There was an immediate public outcry with calls for an independent inquiry. On May 23 the recently appointed Attorney-General John Griffiths announced there was no need to reopen the inquest as the overwhelming body of evidence pointed to suicide. Griffiths himself had held two concerns prior to taking over the post of Attorney General less than a year earlier: homosexuality and the molestation of underage youths. He was determined to address both, but in his zeal tended to forget that there was a very marked difference between the two ‘crimes’. With new details of the MacLennan affair daily appearing in the media, he was well aware his own credibility was on the line.

On June 1 Inquest Jury Foreman Tony Pannell stated he was not satisfied with the Attorney General’s statement and itemized many points where the jury had disagreed with the evidence.

The RHKP attempted to reinforce their failed case. On June 4 they coerced four male prostitutes to claim that MacLennan had been one of their customers. Indeed so regular was he that – quite ridiculously given the ease with which payments could have been tracked, but no evidence found – they suggested he had been permitted to pay by cheque rather than cash!

On June 18 Elsie Elliott delivered a public bombshell. She revealed that as early as November 1979 the Attorney General had been made personally aware by his Crown Counsel, Howard Lindsay, of the plot against MacLennan - two months before his death. Her statement referred to the comments made to her by Inspector Michael Fulton (see above). On July 2 Fulton himself went public and confirmed he had been asked by members of the SIU to set up MacLennan. 

As public anger continued to mount, the Attorney General and Police Commissioner remained silent. On July 3, the Foreman of the Inquest Jury, Pannell, publicly called for the resignation of the Attorney General. Elsie Elliott repeated her call for a formal Inquiry into MacLennan’s death. The government again stated there would be no fresh Inquiry.
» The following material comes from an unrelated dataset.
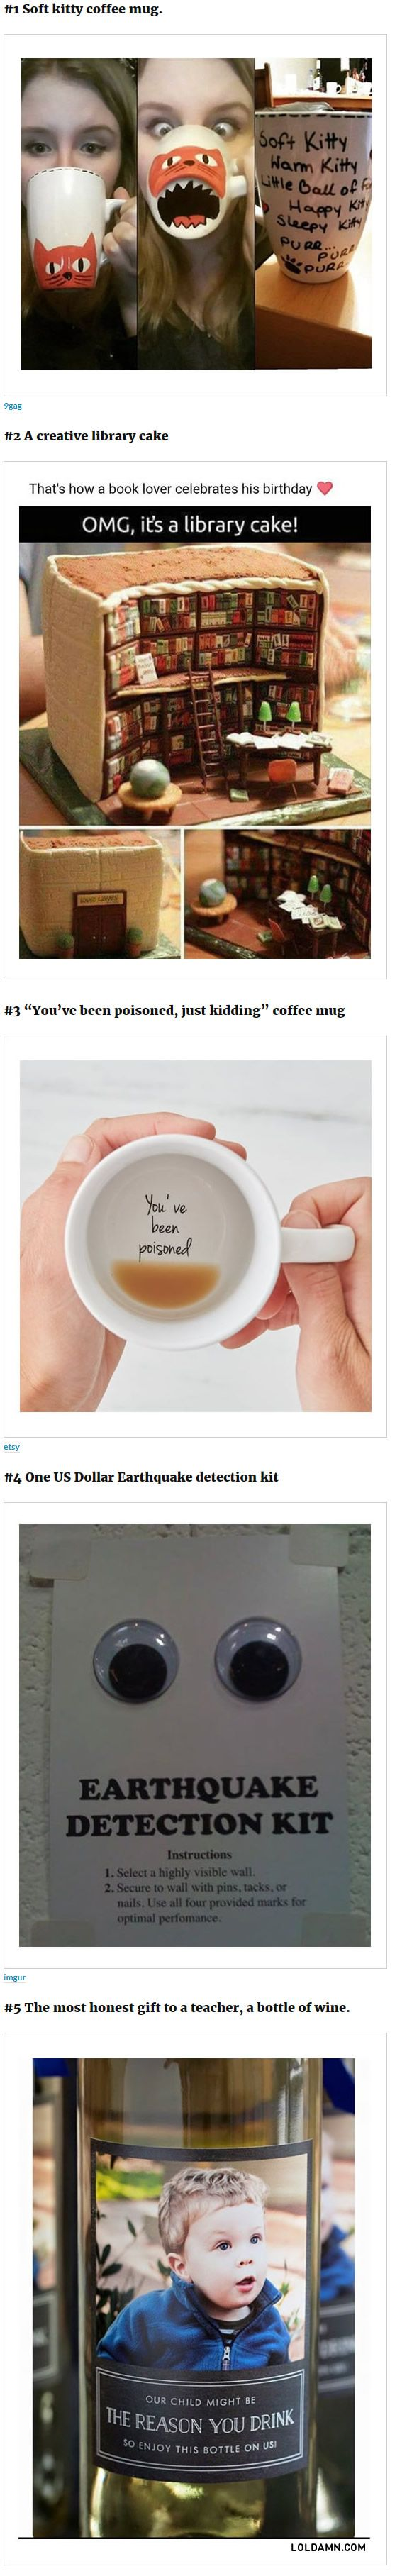 Best 25 Funny mugs ideas on Pinterest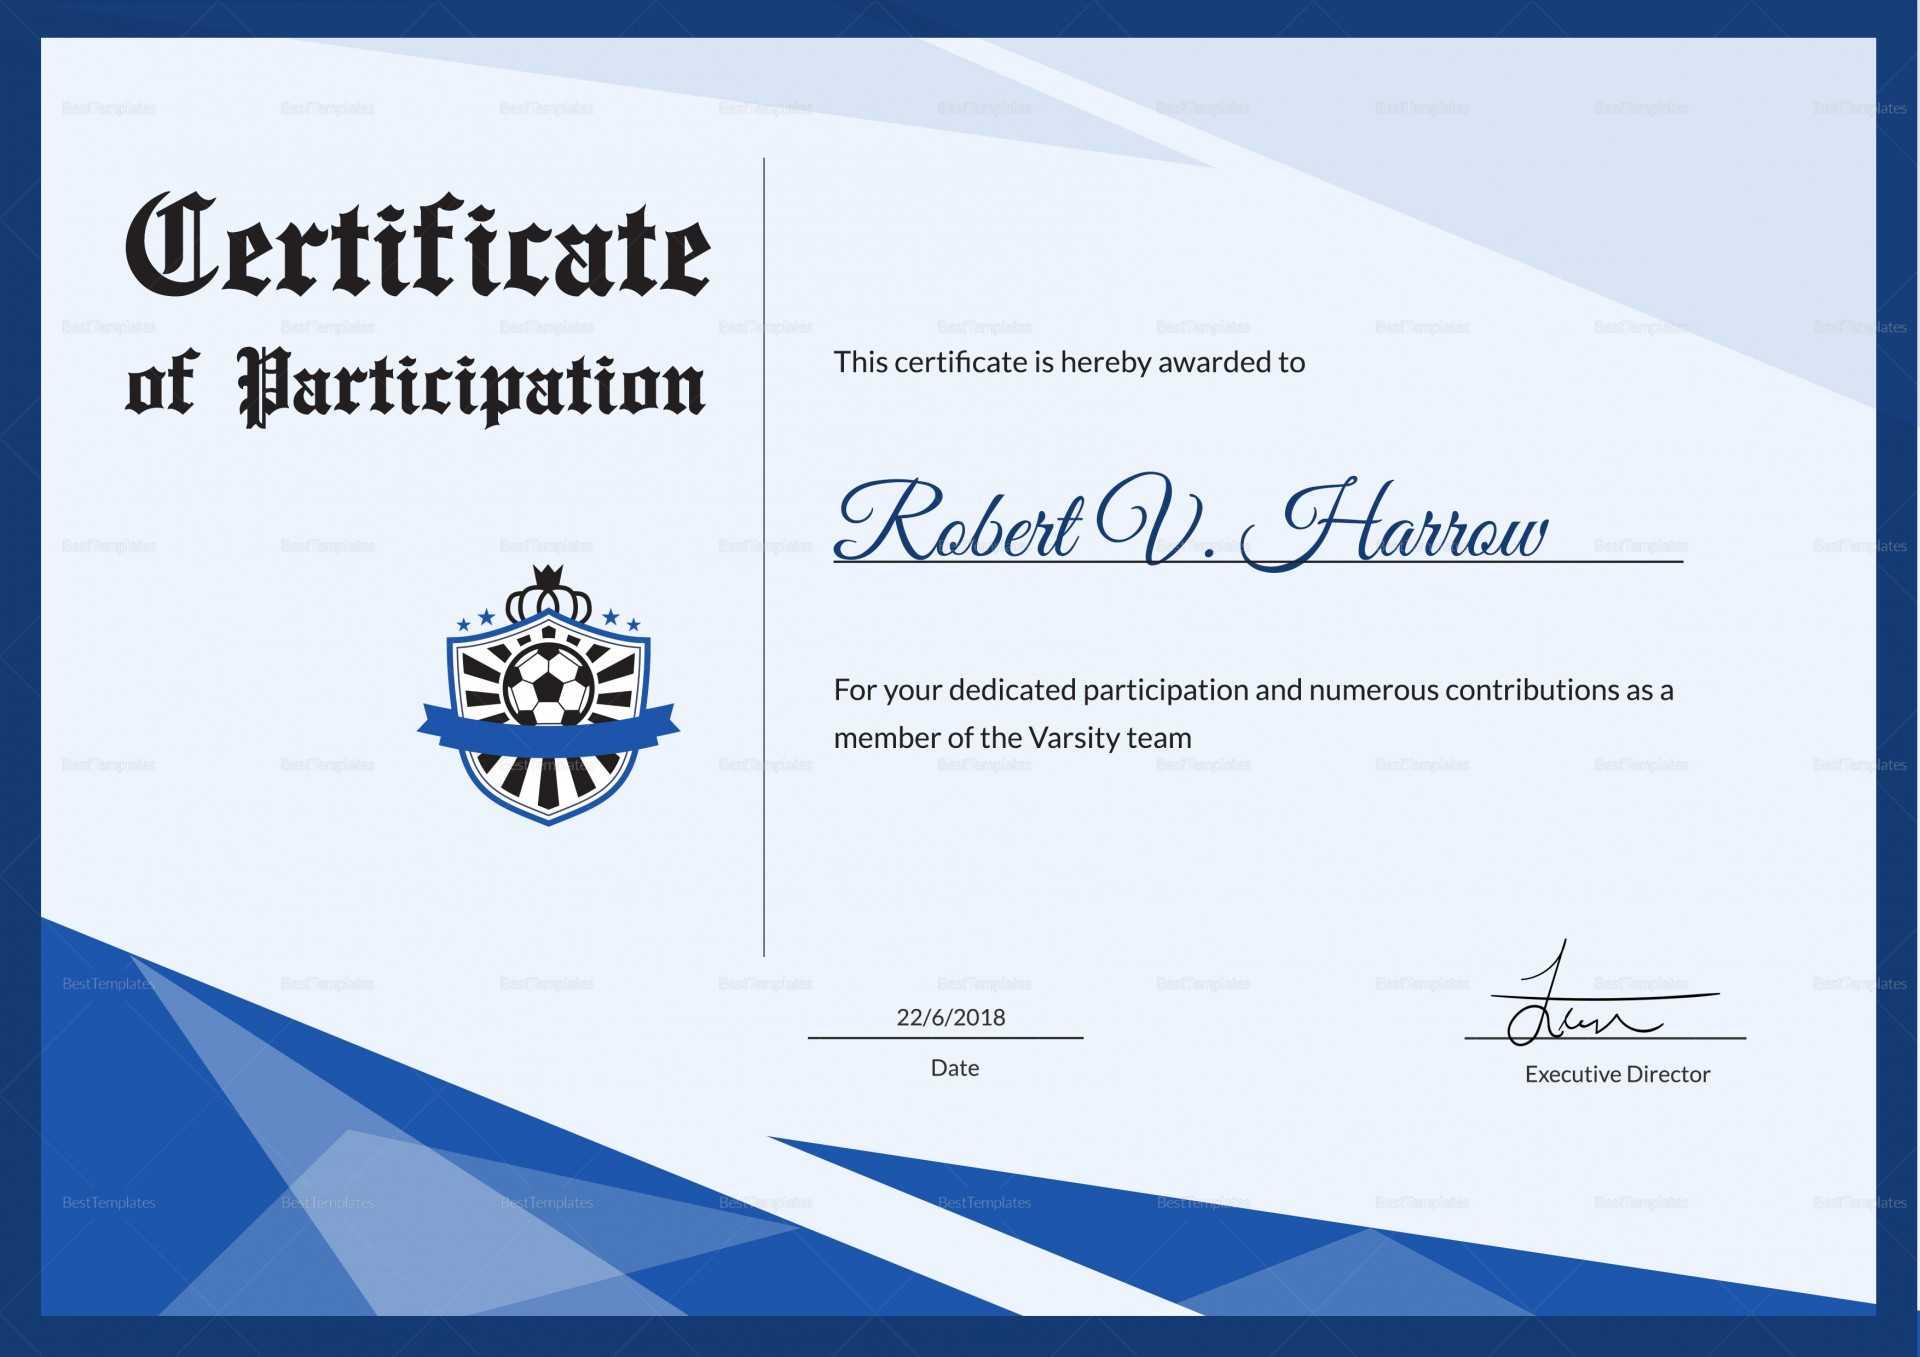 013 Sports Award Certificate Template Word Soccer Throughout Sports Award Certificate Template Word

On July 7, Elsie Elliott compounded the government’s problems by announcing she was willing to help raise funds to sue both the Attorney General and the Police Commissioner. For as long as she lived, Ms. Elliot never fully accepted the suicide theory, insisting that McLennan’s death had been a case of murder, but adding that the pressure on him was so great that there was a slight possibility that he might have been “pushed to killing himself”.

Government establishes a Royal Commission of Inquiry

By this time public opinion, particularly in the large and influential Chinese media outlets, had become so great that the government had to reverse course. It agreed to establish a Royal Commission of Inquiry headed by a respected Supreme Court Justice (and later Chief Justice), T. L Yang. Evidence was heard from 110 witnesses including senior government and RHKP personnel and male prostitutes. This Inquiry was the most expensive in Hong Kong’s history. It came to the conclusion that MacLennan had indeed committed suicide. Yet again this verdict was ridiculed in public. It was eventually to become clear that some evidence had been deliberately withheld from the Inquiry and its work greatly hampered by severe restrictions to its terms of reference. 

One piece of information never reported to the Commission was the fact that MacLennan had a mistress. The lady was never publicly identified. Nor was it ever reported that on the night of his death she had lent him her Volkswagen which he had parked in the car park below his apartment block. Following his death the car was towed away by the police. Within hours, this lady was visited by two members of the police force and sternly warned not to talk to anyone in the media. Her story only came to light because she knew the broadcaster Aileen Bridgewater.

Government Considers Possibility of Changing Law on Homosexuality

Behind the scenes the government was clearly extremely concerned by the impact of the affair on the Chinese community. Prior to the announcement of the T. L. Yang Inquiry, on June 14 1980 it officially but quietly requested the Law Reform Commission to consider the following topic: “Should the present laws governing homosexual conduct in Hong Kong be changed and, if so, in what way?”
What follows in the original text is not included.